# Optical Forums > Ophthalmic Optics >  prism in reading segments

## epiclabs

Hi everyone.  I wanted to put out the feelers a little bit on the subject of prism segments.  You see, I work for a specialty laboratory and we construct these segments on a regular basis.  Lately, with a little more emphasis on marketing and education, we have seen a substantial increase in the amount of inquiries and requests for prism segments.  I would like to know if you think prism segments have a logical place in the industry.  What I mean by that is: Is there enough of a need for a product such as a D28 with 5 diopters of base in prism at near only to warrant an all-out marketing campaign?  Please give me your feedback when you get a chance.   Thanks.

----------


## John R

I guess you are talking about "plastic" lenses here.. We sell glass 30 prism segs and will move about 2 pairs a month as a rough guide.

I can see no reason why not you should market them more. We have seen a few requests here about "plastic" prism segs.

----------


## sarahr

I would say we have a definite need for prism controlled bifs. There may not be many people requiring 5 prism in at near only but I see people regularly who have mono cataract extraction leaving substantial anisometropia.
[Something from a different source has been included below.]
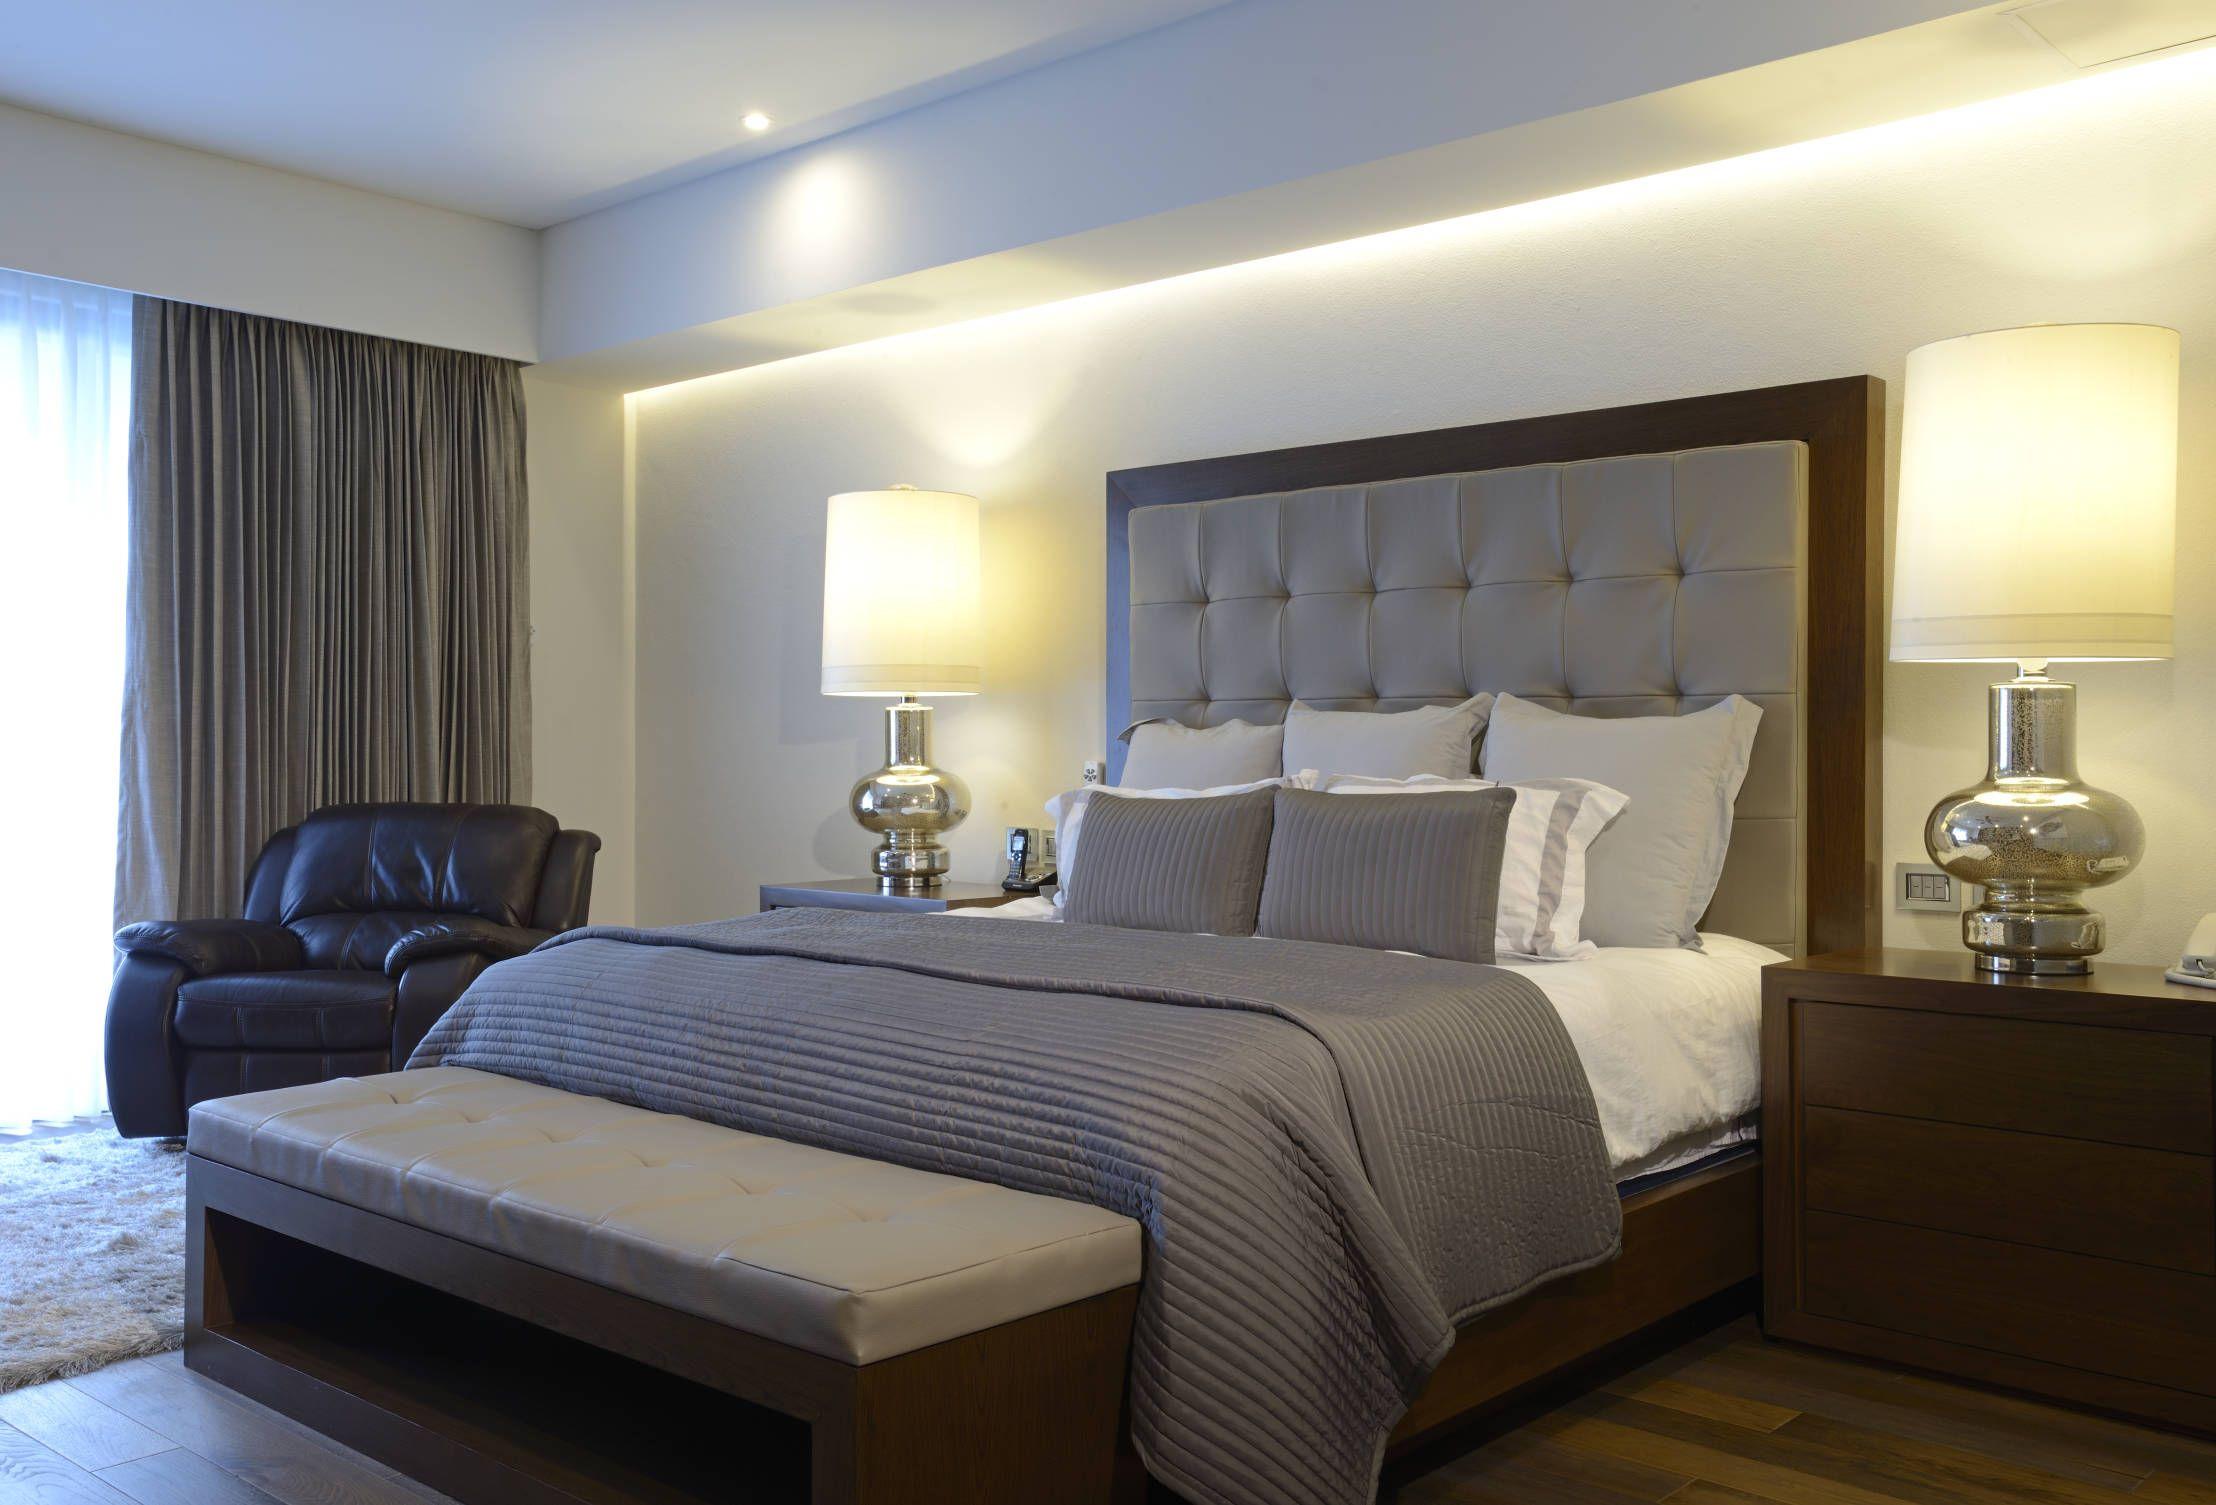 Una casa moderna con un interior realmente hermoso casa for Apartamentos decoraciones modernas

Slab off, unequal segs + glass lenses are not fantastic but plastics p.controlled bifs are a great idea.

Tell more about your lenses?

----------


## chip anderson

We will always need these but the cost must be not too much higher than we can do with a Franlin Bifocal.  And the delivery must not be months (the patient requirements can change before you can get some of this stuff out of the lab..
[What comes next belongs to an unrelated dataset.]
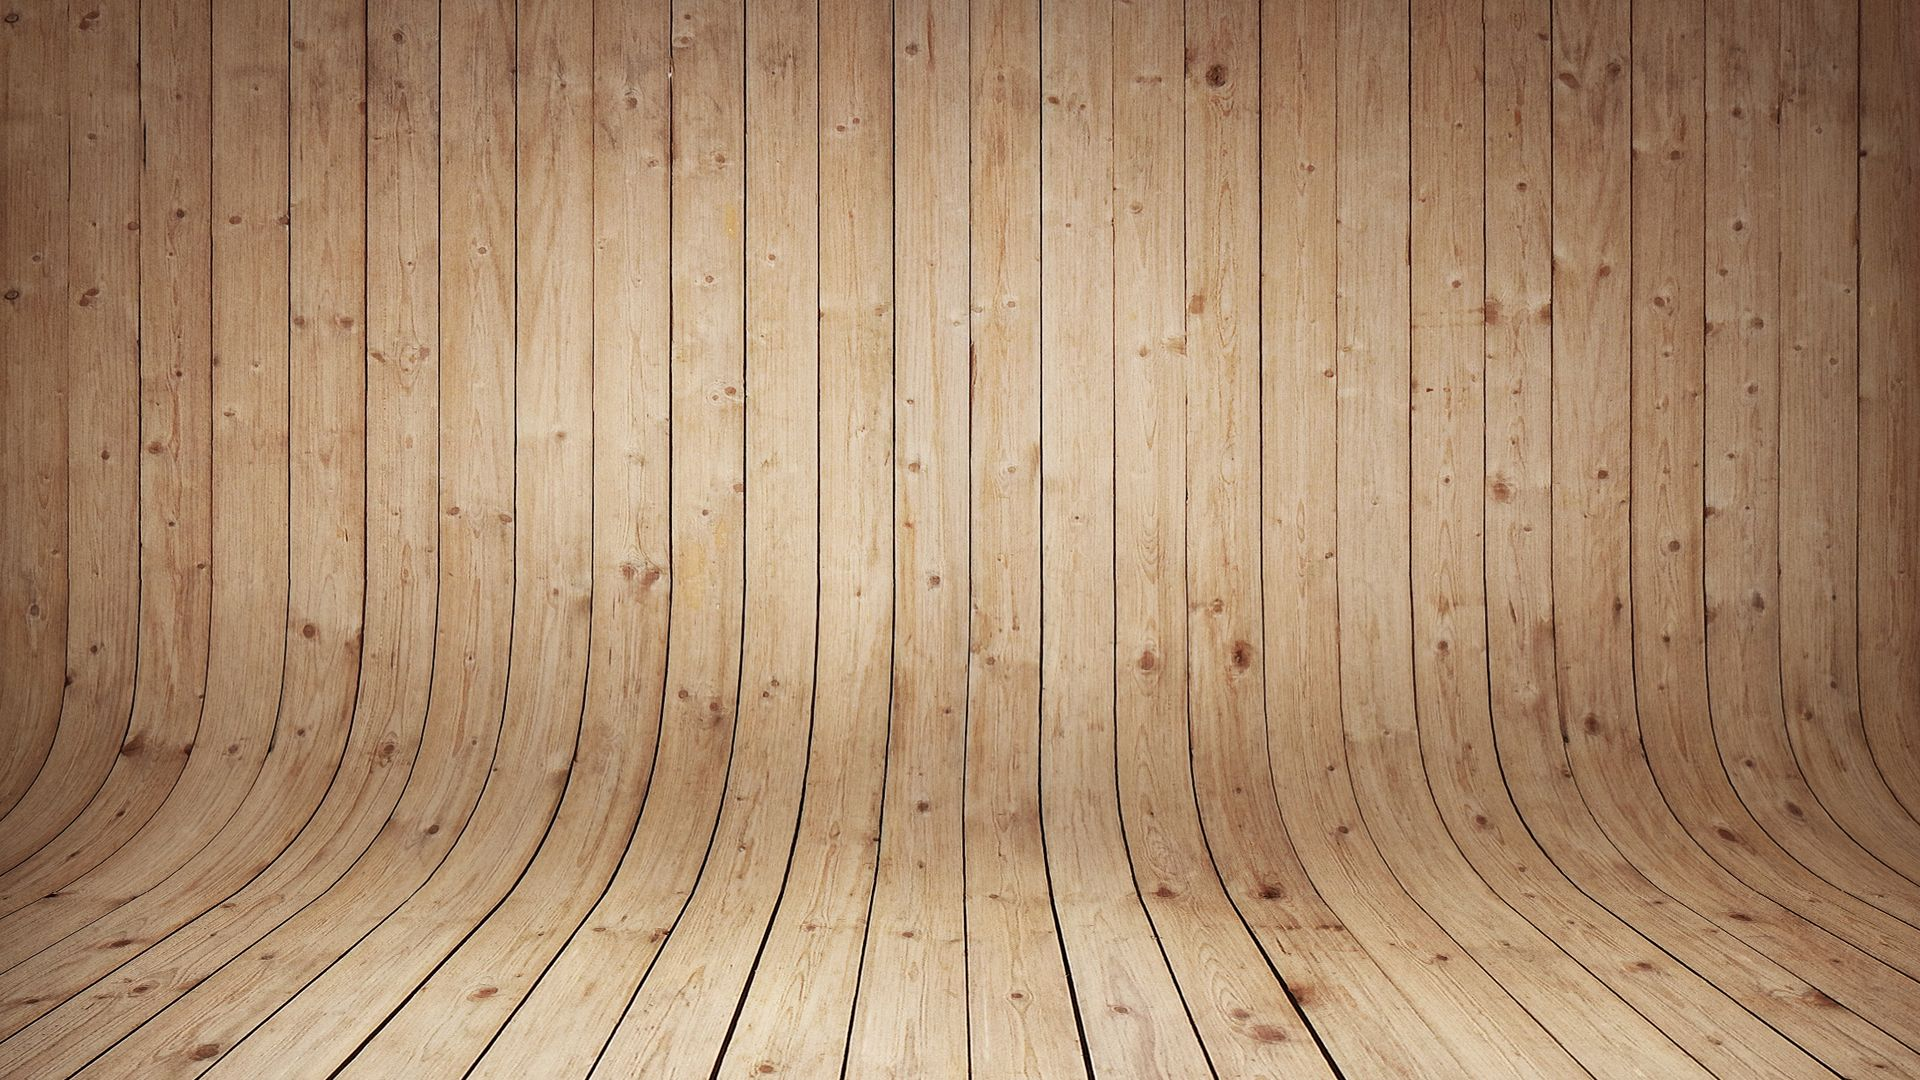 Best Wallpaper High Resolution Wood - 08d0f81195f6bb31ac8e5c6d72b17de6  2018_614550.jpg

I would not look for the market to be sufficent to have this as my only marked niche.   As an added capability to a lab , yes.  But there aren't near as many presbyopes with squints as there are myopes.


Chip

----------


## epiclabs

The plastic prism segs that we make are laminated on either the front or back surface of a base lens.  We construct them based on individual needs so we are not limited in terms of prism amount, seg shape or style, add powers, etc.  We can (and have) made prism segments with +5,6,7 add powers and over 12 diopters of prism.  Obviously, these are rare cases, but we have done a number of them in this extreme range in the past.  We currently receive 3-5 jobs/day that require some kind of a multi-component lens where distance and near portions of the lens vary in prism, power or seg location requirements.  I'd say that roughly 50% of those jobs are straight prism segs where we put 3-4 diopters of base in/out prism in a straight top bifocal along with a standard add power of +2.50 or so.  The other 50% consists of varying other modified lenses such as high add spots (jeweler's spots, golfing segs) where we put 10-20mm round +10,15,20 spots on different locations of the lens, plastic quadrifocals, split-powered trifocals (+2 intermediate, +10 near), overviews, prism wedges, etc.  All in all, the business that we've been getting in this area has grown incremently over the past year or so and shows no sign of slowing.  I am really just trying to get a feel for the demand.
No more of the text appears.